# callochromis pleurospilus questions



## rrich741 (Apr 18, 2008)

i am debating my self whether or not i should get callchromis pleurospilus or callochromis stappersi. i have a 100 gallon about 5 feet long, 12 inches wide and 26 inches tall. 75% of the tank is sand and scattered escargot shells. the rest is rocks and plants. My question is if i can keep callochromis pleurospilus in a group of eight in my tank. the tank mate are 6 alto lamprologus sumbu new shells, 6 multies, 3 brevis, and fifteen jumbo cyps. thanks.


----------



## Fogelhund (Dec 3, 2002)

They would be in direct competition (conflict) with all of your shellies, who are going to need the floor space as is.
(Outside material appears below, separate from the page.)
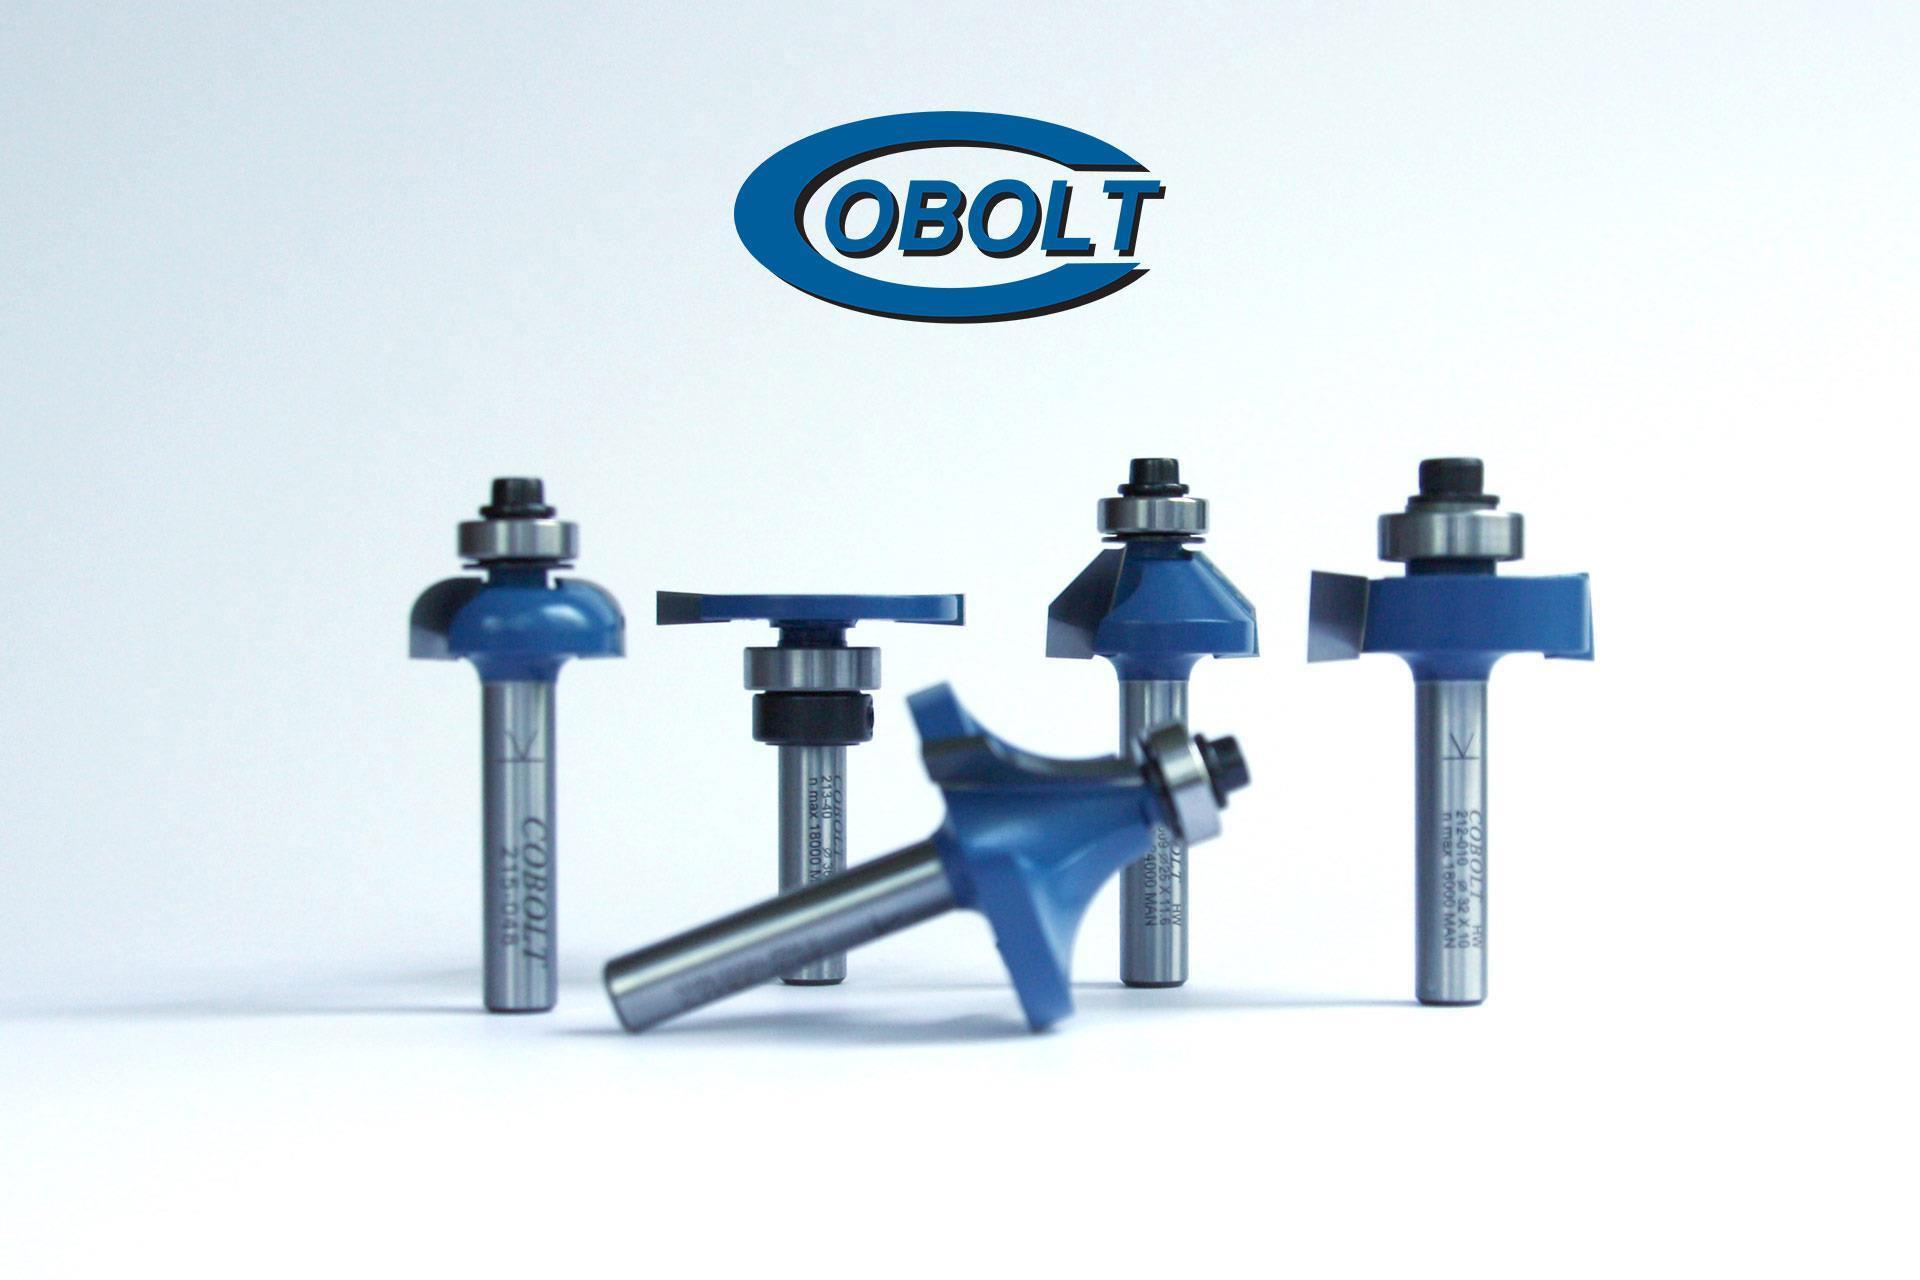 Om oss - Tool Trust AB
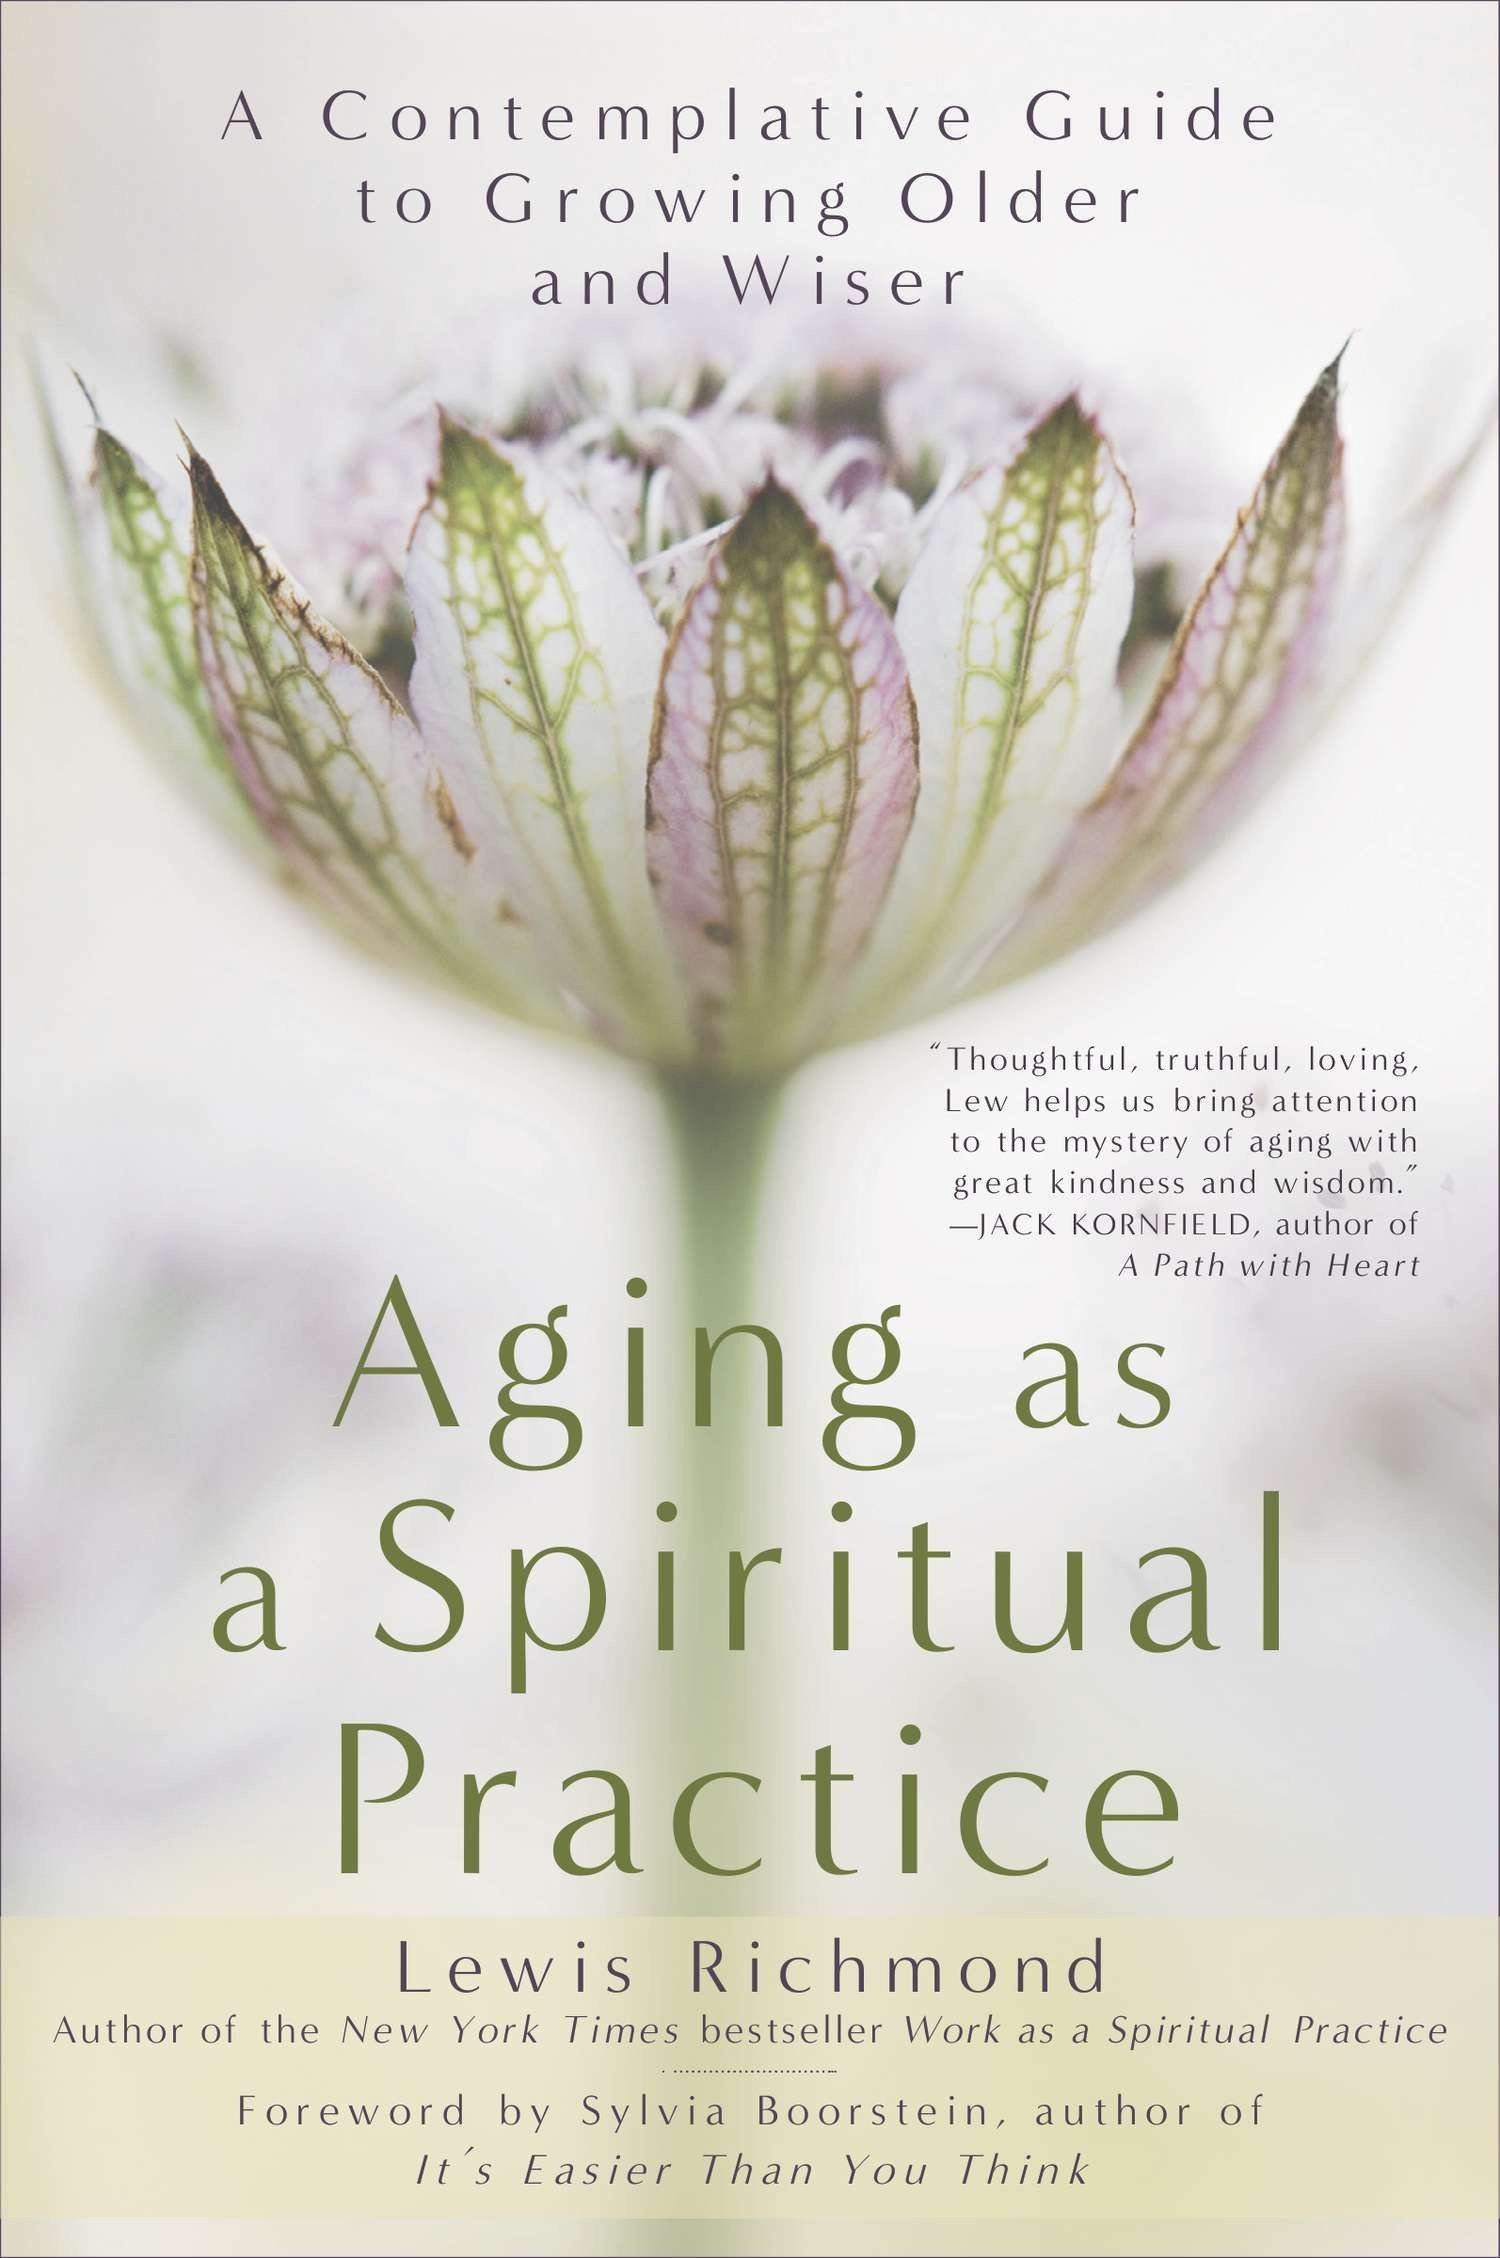 Aging Ageing As A Spiritual Practice (book)

I would pass on the Callochromis completely for your setup.


----------



## rrich741 (Apr 18, 2008)

what about kilesa?


----------



## Fogelhund (Dec 3, 2002)

[email protected] said:


> what about kilesa?


They'd be fine in your tank... if you didn't have shellies.

But, you have shellies, your floorspace is spoken for.


----------



## rrich741 (Apr 18, 2008)

well what if i take out all the shelldwellers except the alto comps and move all the shells to the left side of the tank next to the rocks. then could i have 8 kilesa.


----------



## Fogelhund (Dec 3, 2002)

Yes


----------



## rrich741 (Apr 18, 2008)

i looked up your tanks and saw your brevis tank with the cardinals. I have a tank like that except it is 44 gallon tall tank. i only have cardinals and other soft water fish like discus and angles. i was wondering what your ph is in that tank, because cardinals and brevis need two totally different PH ranges. mine is about 6.1. can Brevis live in that? please reply soon, i am planning on making on making a order on monday. thanks.


----------



## 24Tropheus (Jun 21, 2006)

No idea weather brevis can survive at pH 6.1 but it sure is not ideal for em. 7.5 would be OK for tank bred. No way I would take even the most hardy Tang the wrong side of neutral pH 7. No way I would try and keep cardinals the high side of pH 7. BAD MIX.


----------



## Fogelhund (Dec 3, 2002)

My brevis tank was 8.1 ph.


----------



## rrich741 (Apr 18, 2008)

wow, how did you keep cardinals with them?


----------



## Fogelhund (Dec 3, 2002)

[email protected] said:


> wow, how did you keep cardinals with them?


I think their requirements are slightly overrated. They did fine, and saw them breed a few times as well. Similarly, I've had Tiger Barbs breed under such conditions.


----------